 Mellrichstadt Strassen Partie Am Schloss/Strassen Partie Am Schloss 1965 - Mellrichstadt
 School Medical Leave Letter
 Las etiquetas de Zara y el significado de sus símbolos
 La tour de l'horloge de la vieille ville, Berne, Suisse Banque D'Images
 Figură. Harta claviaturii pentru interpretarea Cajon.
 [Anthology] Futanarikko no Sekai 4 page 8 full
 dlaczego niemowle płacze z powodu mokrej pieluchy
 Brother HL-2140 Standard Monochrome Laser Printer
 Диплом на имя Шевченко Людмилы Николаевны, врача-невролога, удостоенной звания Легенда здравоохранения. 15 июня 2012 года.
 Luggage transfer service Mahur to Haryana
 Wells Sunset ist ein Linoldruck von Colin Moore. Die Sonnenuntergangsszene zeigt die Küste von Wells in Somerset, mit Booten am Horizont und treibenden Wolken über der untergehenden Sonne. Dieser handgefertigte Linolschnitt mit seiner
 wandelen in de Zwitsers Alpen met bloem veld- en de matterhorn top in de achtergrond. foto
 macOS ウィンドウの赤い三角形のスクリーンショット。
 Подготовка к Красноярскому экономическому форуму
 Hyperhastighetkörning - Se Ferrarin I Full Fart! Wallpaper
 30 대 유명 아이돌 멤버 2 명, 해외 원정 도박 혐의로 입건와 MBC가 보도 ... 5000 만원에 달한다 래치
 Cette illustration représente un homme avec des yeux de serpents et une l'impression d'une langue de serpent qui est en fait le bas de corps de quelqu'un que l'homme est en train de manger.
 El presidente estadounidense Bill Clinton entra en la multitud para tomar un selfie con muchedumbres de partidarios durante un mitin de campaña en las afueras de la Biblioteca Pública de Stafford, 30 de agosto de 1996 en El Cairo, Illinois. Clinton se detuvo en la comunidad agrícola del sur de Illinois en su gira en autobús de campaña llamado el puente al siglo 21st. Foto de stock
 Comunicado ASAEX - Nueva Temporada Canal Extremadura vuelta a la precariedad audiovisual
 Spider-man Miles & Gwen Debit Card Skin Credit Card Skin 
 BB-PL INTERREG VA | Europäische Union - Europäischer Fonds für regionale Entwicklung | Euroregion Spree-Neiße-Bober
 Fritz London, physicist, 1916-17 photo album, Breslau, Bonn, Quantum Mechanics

### Your task
Write the data out again. Match it word for word.

### Your solution
 Mellrichstadt Strassen Partie Am Schloss/Strassen Partie Am Schloss 1965 - Mellrichstadt
 School Medical Leave Letter
 Las etiquetas de Zara y el significado de sus símbolos
 La tour de l'horloge de la vieille ville, Berne, Suisse Banque D'Images
 Figură. Harta claviaturii pentru interpretarea Cajon.
 [Anthology] Futanarikko no Sekai 4 page 8 full
 dlaczego niemowle płacze z powodu mokrej pieluchy
 Brother HL-2140 Standard Monochrome Laser Printer
 Диплом на имя Шевченко Людмилы Николаевны, врача-невролога, удостоенной звания Легенда здравоохранения. 15 июня 2012 года.
 Luggage transfer service Mahur to Haryana
 Wells Sunset ist ein Linoldruck von Colin Moore. Die Sonnenuntergangsszene zeigt die Küste von Wells in Somerset, mit Booten am Horizont und treibenden Wolken über der untergehenden Sonne. Dieser handgefertigte Linolschnitt mit seiner
 wandelen in de Zwitsers Alpen met bloem veld- en de matterhorn top in de achtergrond. foto
 macOS ウィンドウの赤い三角形のスクリーンショット。
 Подготовка к Красноярскому экономическому форуму
 Hyperhastighetkörning - Se Ferrarin I Full Fart! Wallpaper
 30 대 유명 아이돌 멤버 2 명, 해외 원정 도박 혐의로 입건와 MBC가 보도 ... 5000 만원에 달한다 래치
 Cette illustration représente un homme avec des yeux de serpents et une l'impression d'une langue de serpent qui est en fait le bas de corps de quelqu'un que l'homme est en train de manger.
 El presidente estadounidense Bill Clinton entra en la multitud para tomar un selfie con muchedumbres de partidarios durante un mitin de campaña en las afueras de la Biblioteca Pública de Stafford, 30 de agosto de 1996 en El Cairo, Illinois. Clinton se detuvo en la comunidad agrícola del sur de Illinois en su gira en autobús de campaña llamado el puente al siglo 21st. Foto de stock
 Comunicado ASAEX - Nueva Temporada Canal Extremadura vuelta a la precariedad audiovisual
 Spider-man Miles & Gwen Debit Card Skin Credit Card Skin 
 BB-PL INTERREG VA | Europäische Union - Europäischer Fonds für regionale Entwicklung | Euroregion Spree-Neiße-Bober
 Fritz London, physicist, 1916-17 photo album, Breslau, Bonn, Quantum Mechanics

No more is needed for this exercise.